Graveslab, Rathduff, Co. Kilkenny
Co. Kilkenny |
Tombs & Memorials
When excavators lifted a stone slab from the north ambulatory of the cloister at Kells Priory in County Kilkenny, they found it had been doing double duty for centuries: lying face-up as paving while simultaneously covering a stone-lined grave beneath.
That the slab was a memorial to someone specific, and that his name and the exact date of his death had been carved into it in careful Black Letter script, makes the find quietly arresting. The inscription reads, in Latin: "Here lies Lord Thomas Lahe, once prior of this place, who died on the 27th day of the month of February, A.D. 1508."

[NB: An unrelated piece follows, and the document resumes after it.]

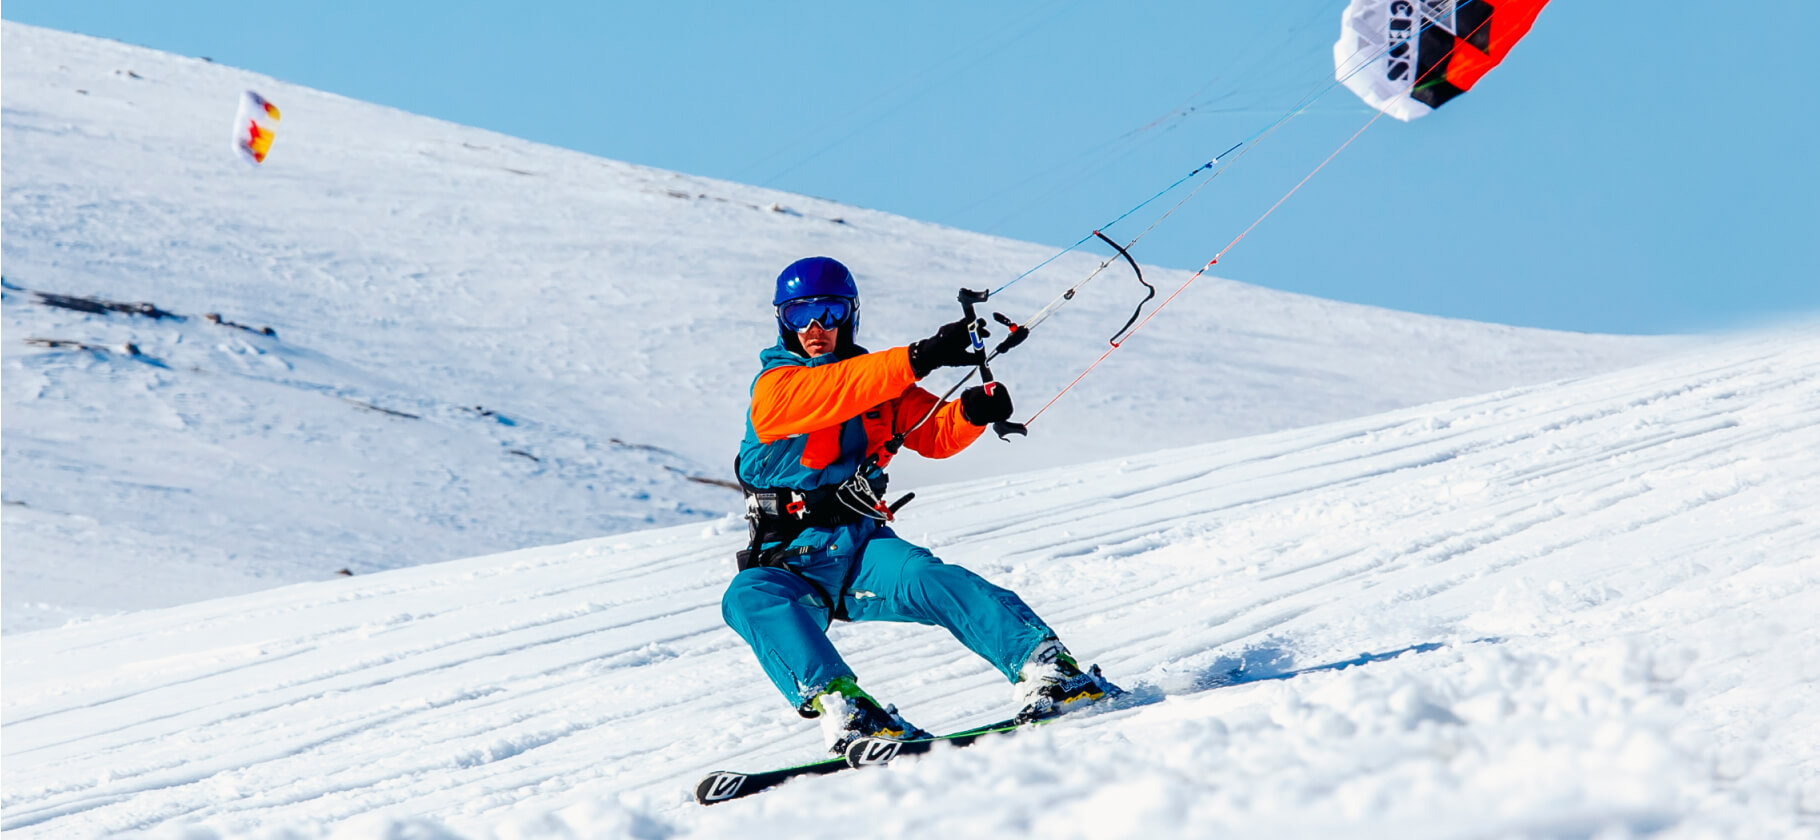 Лыжи, коньки и сноукайтинг: 8 зимних видов спорта

Kells Priory was a house of Augustinian canons, a religious order whose members lived under the Rule of St Augustine and combined elements of monastic and clerical life. The priory, founded in the twelfth century, accumulated a remarkable collection of graveslabs, of which this is one of the more elaborately decorated examples. The slab measures just over two metres in length and is carved with a banded cross whose head has seven segmented arms terminating in fleur-de-lis. The cross-shaft rises from a curving calvary mount, the small stepped or rounded base that in medieval funerary carving conventionally represents the hill of Golgotha. Below the cross-head, flanking the shaft on either side, are an IHC monogram (a Latinised abbreviation of the name of Jesus, common in medieval devotional contexts) and the name MARIA. The Latin inscription runs along the dexter margin of the slab, which is the right-hand side as you face it, and continues onto the sinister band of the cross itself. A plain border frames the upper edge. The Prior Thomas Lahe commemorated here would have been a senior figure in the community, and the care given to his slab reflects that standing.